WHAT THE EXERCISE ASKS »
Lines before the one containing "dog gifts, white" are not wanted; restate the rest below word for word, through the last line, but drop any pictures.

Stored items from a collection »
^^^^^^^^
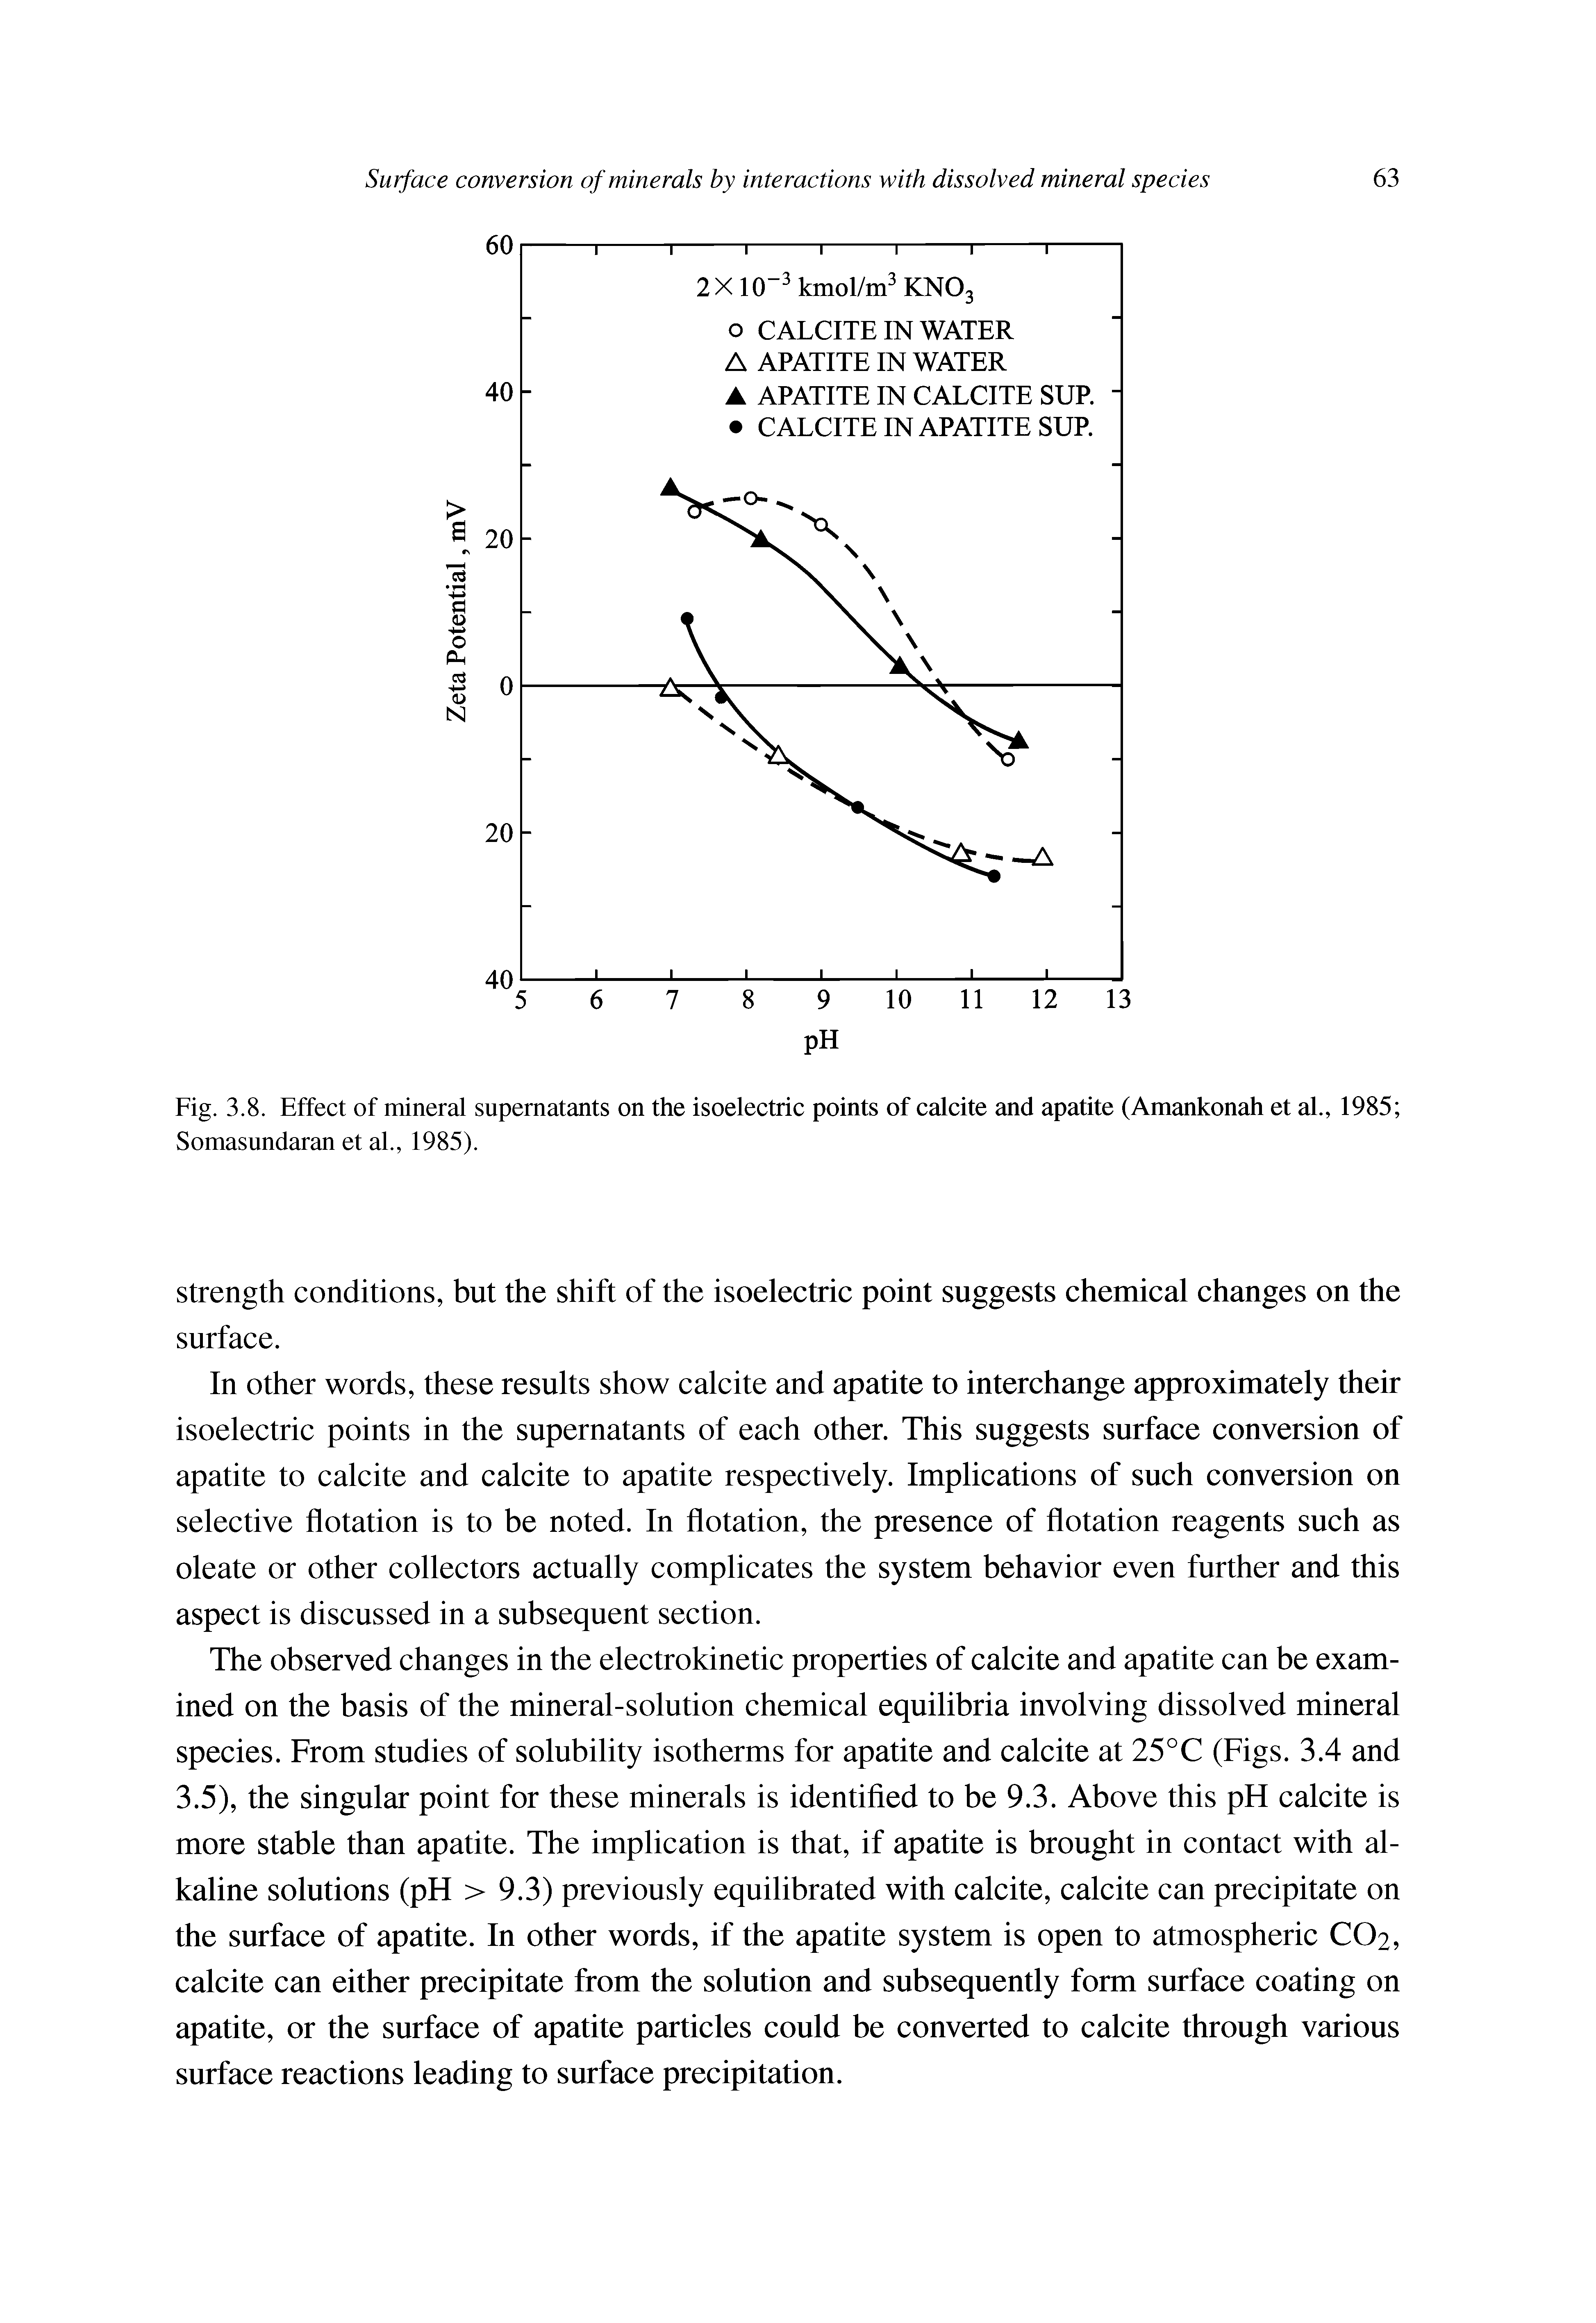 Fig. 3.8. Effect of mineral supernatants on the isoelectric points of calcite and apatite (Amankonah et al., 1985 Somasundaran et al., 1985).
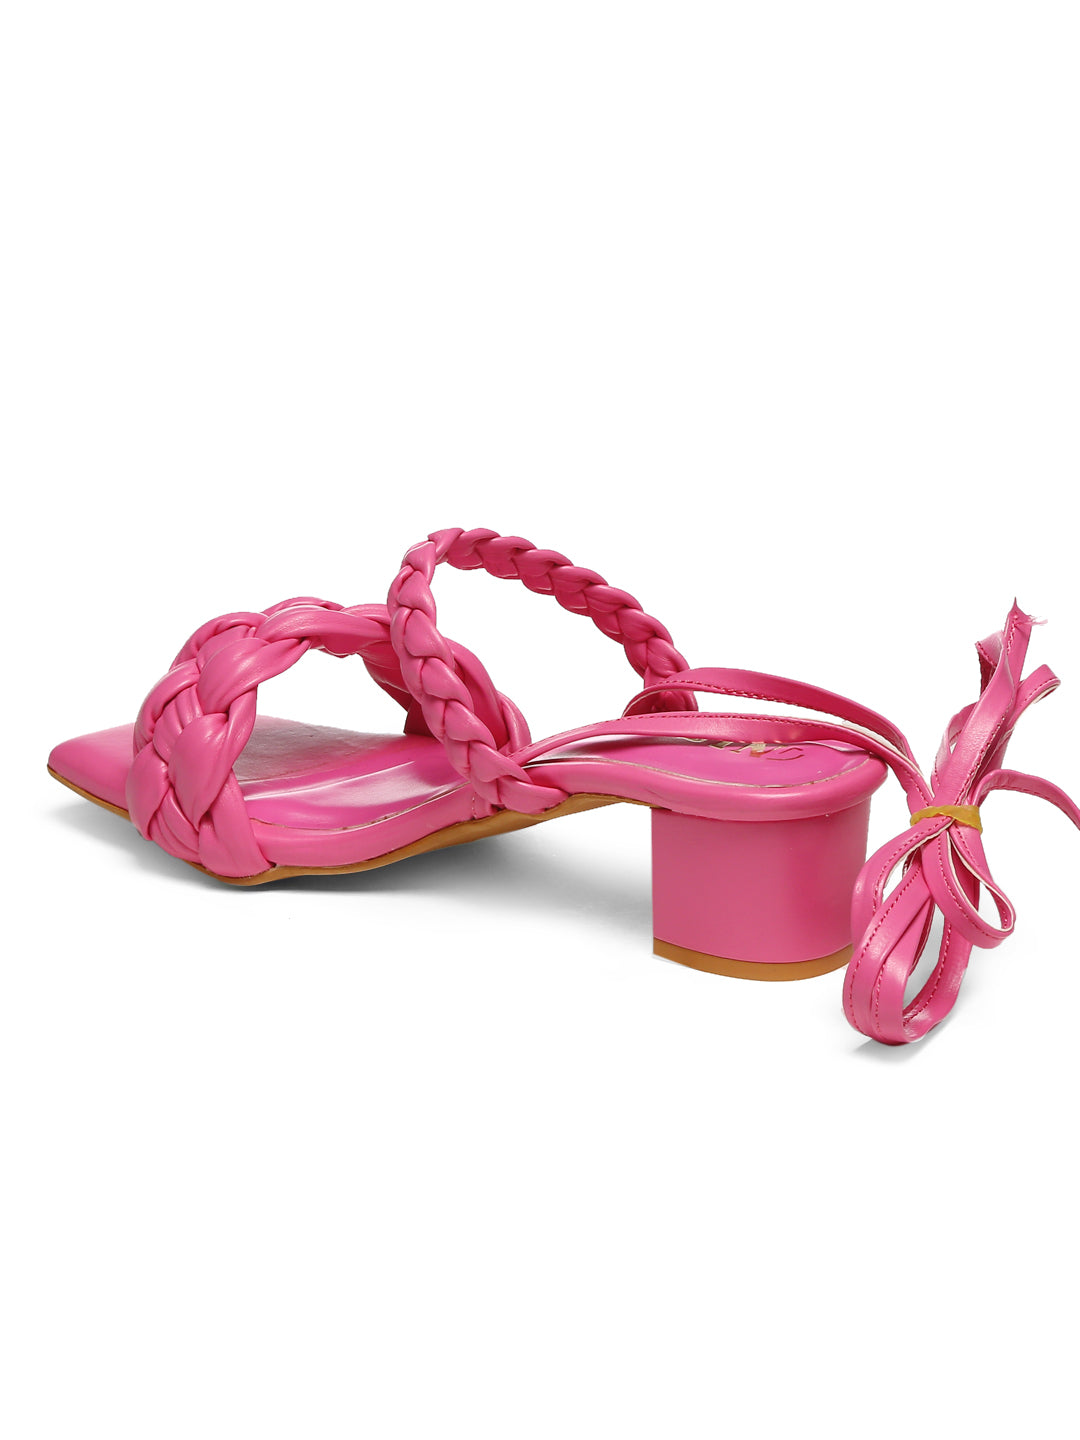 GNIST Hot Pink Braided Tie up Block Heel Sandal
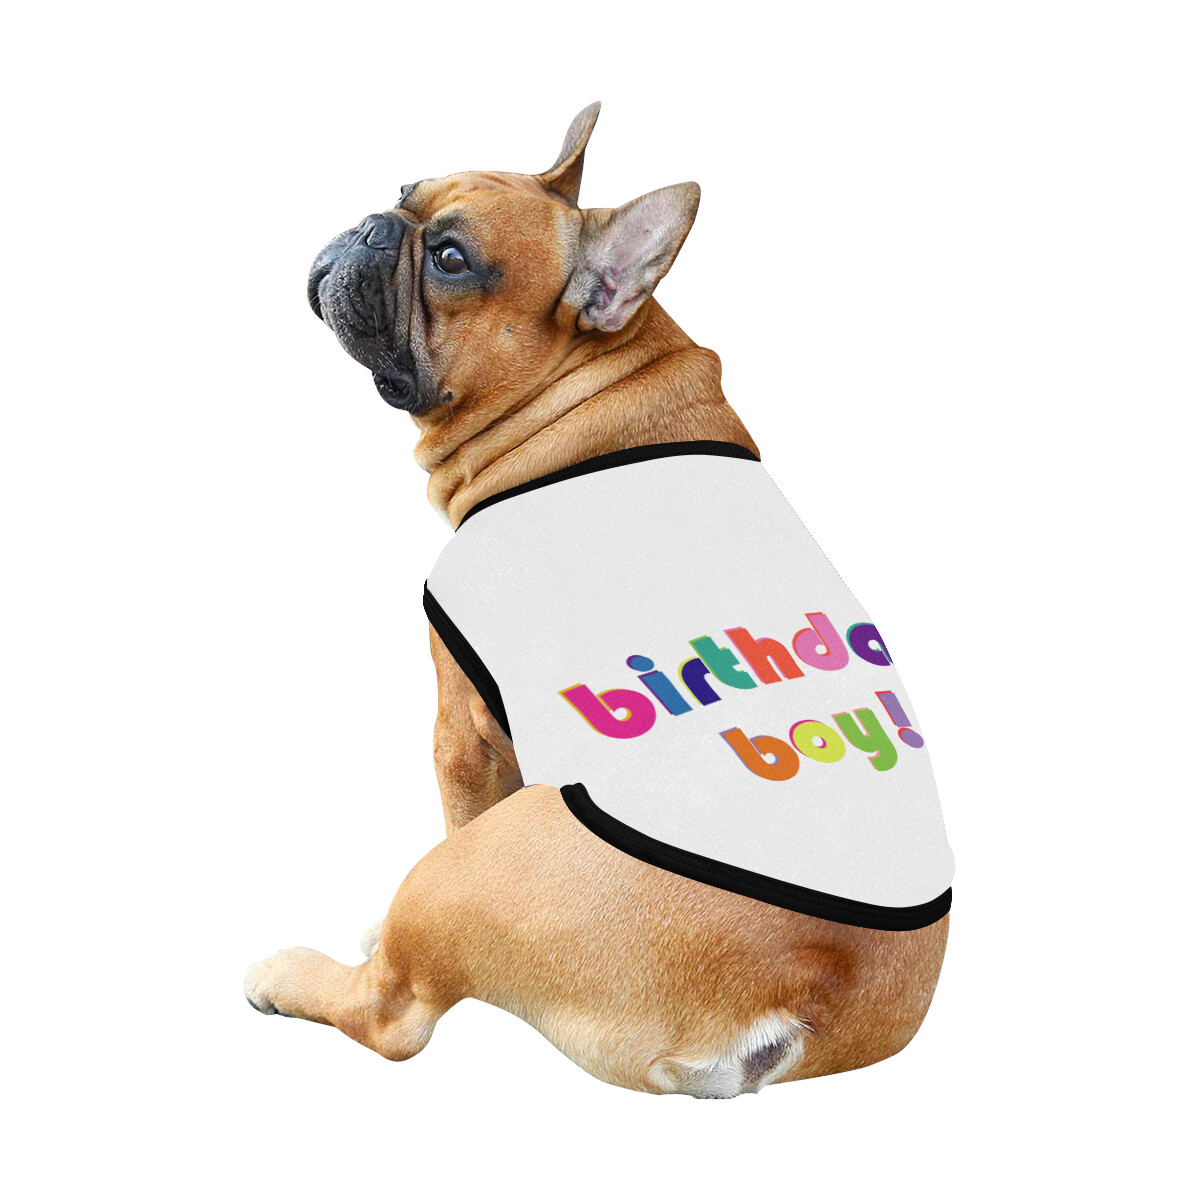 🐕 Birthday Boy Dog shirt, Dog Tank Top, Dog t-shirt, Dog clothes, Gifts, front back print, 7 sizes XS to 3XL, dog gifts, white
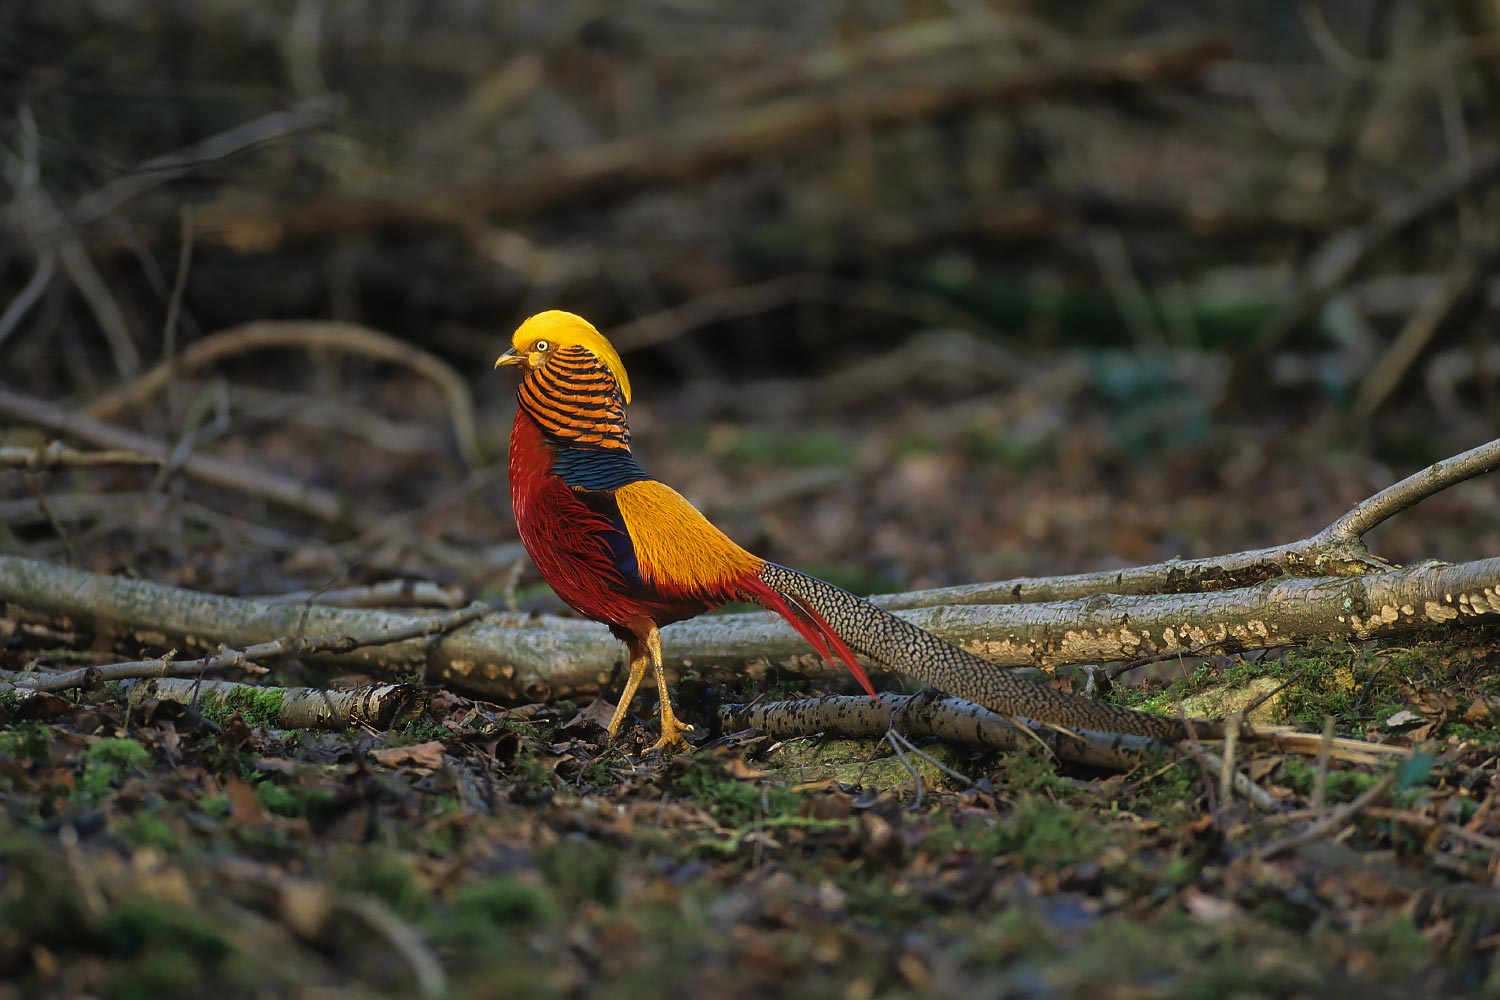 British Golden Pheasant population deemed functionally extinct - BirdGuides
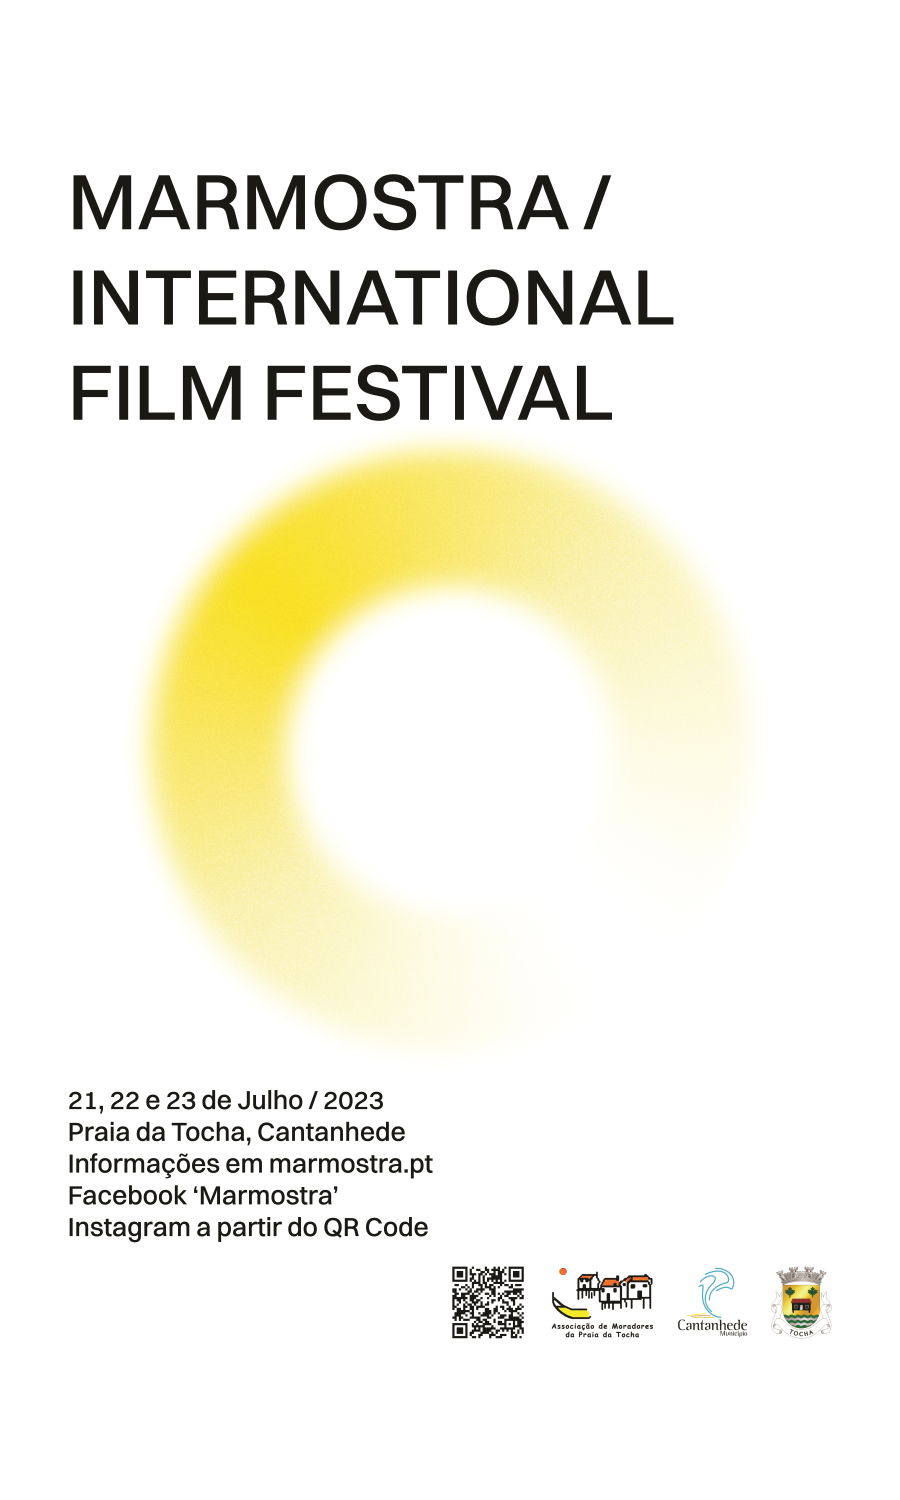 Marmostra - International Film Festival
^^^^^^^^
TASK RESPONSE »
 🐕 Birthday Boy Dog shirt, Dog Tank Top, Dog t-shirt, Dog clothes, Gifts, front back print, 7 sizes XS to 3XL, dog gifts, white
 British Golden Pheasant population deemed functionally extinct - BirdGuides
 Marmostra - International Film Festival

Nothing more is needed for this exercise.